Unsurprisingly, during the impact, the life raft tumbled forward and was lost
in the darkness. I do not know why someone at Pel-Air or CASA did not question
the likelihood of a life raft remaining in place during the violent
deceleration of an aircraft ditching and did not suggest an alternative
procedure.[76]
8.70
He then suggested:
There needs to be a procedure where the life raft was secured
in a fashion which would ensure the raft remained in place during the impact—but
allowing it to be recovered without difficulty and put through the exit and
deployed on the surface.
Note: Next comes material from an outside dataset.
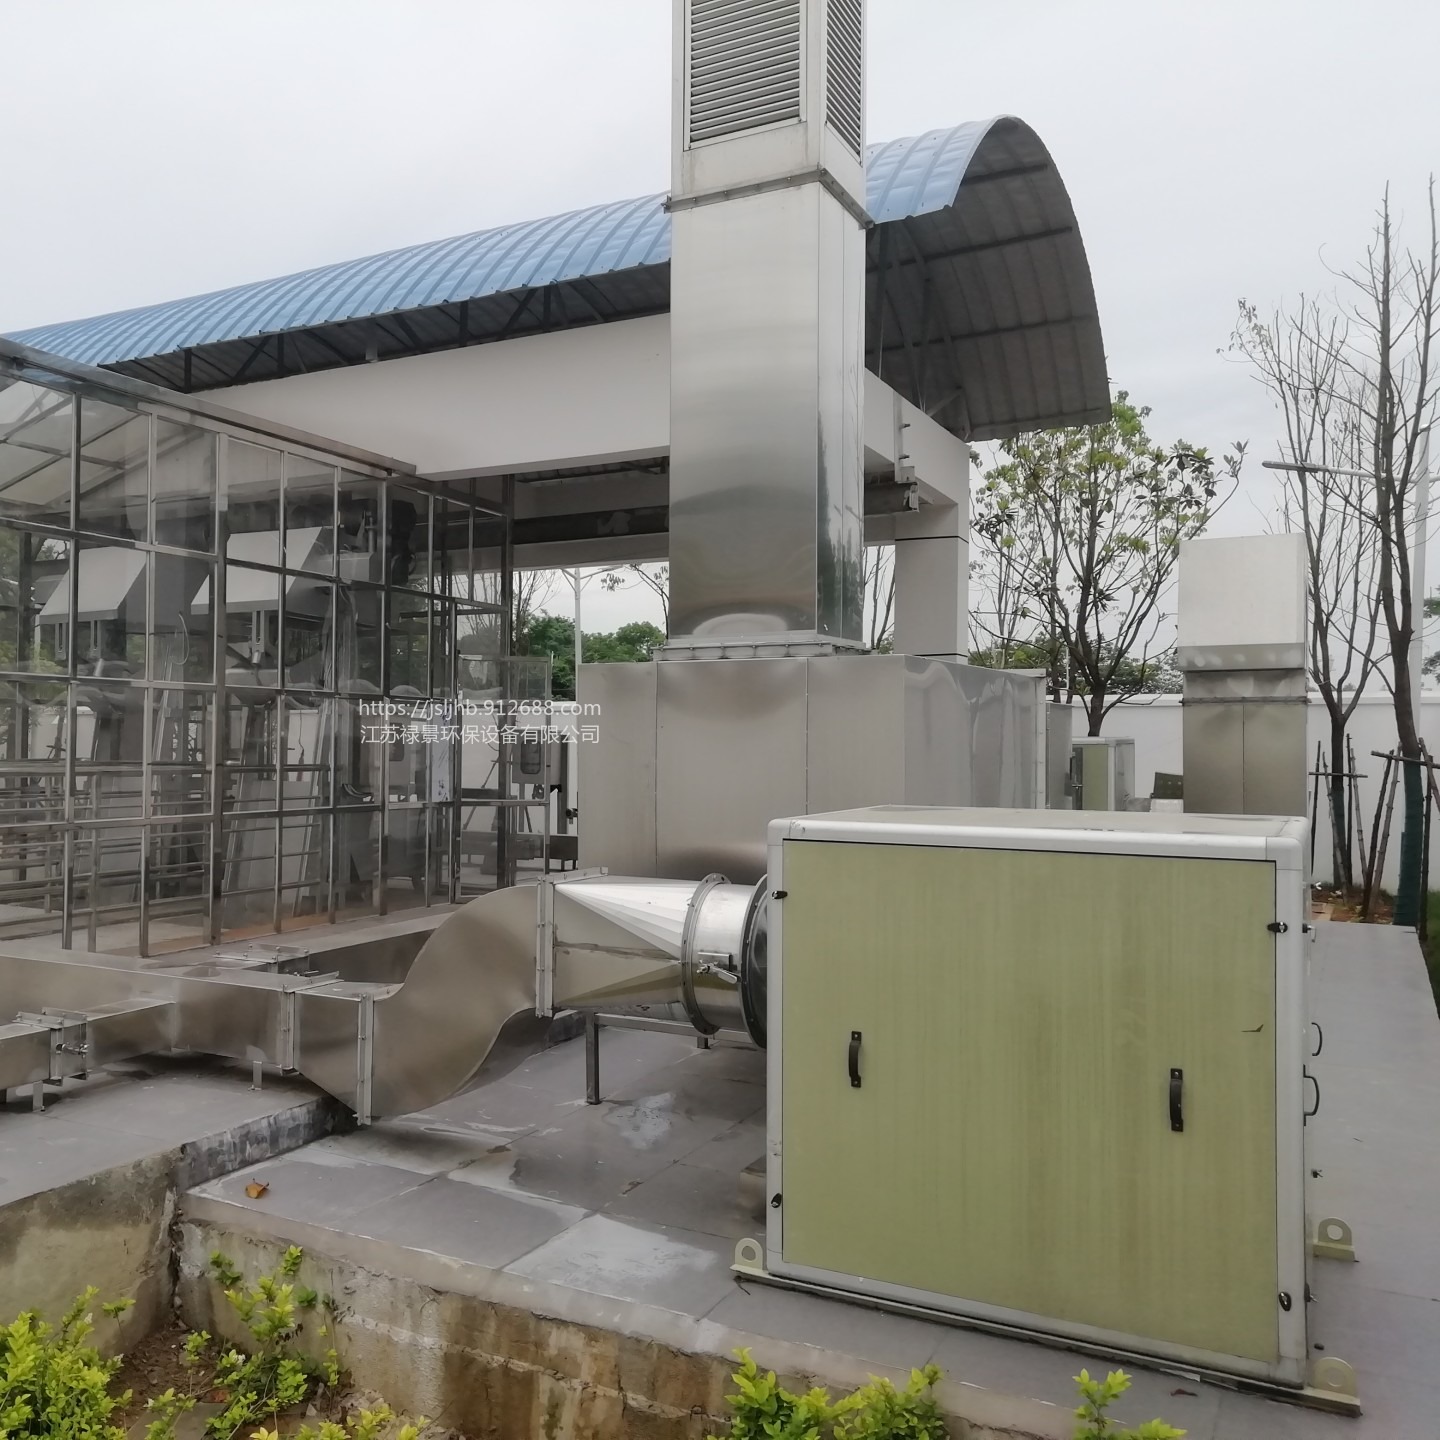 上海离子新风系统 污水泵站废气除臭设备 离子发生器图片

I understand that is not an easy undertaking, but the
processes in place at the time was inadequate.[77]
Committee view
8.71
Again the committee saw in ATSB documentation the expectation from investigation
officers that cabin safety, including location of life rafts and the design of
lifejackets, would be included.
8.72
After a three-year investigation it seems incredible, given that all on
board survived, that some issues with the lifejackets only came to light during
the course of this inquiry.
8.73
The committee finds it difficult to comprehend that no caution was
issued for the lifejackets, and that the situation and position of the life
raft was not discussed as a lesson for the aviation industry. The committee
notes the lack of action in relation to lifejackets and battery life appears
again to be linked to a decision not to issue a recommendation to CASA. This is
yet another disturbing example of an opportunity lost.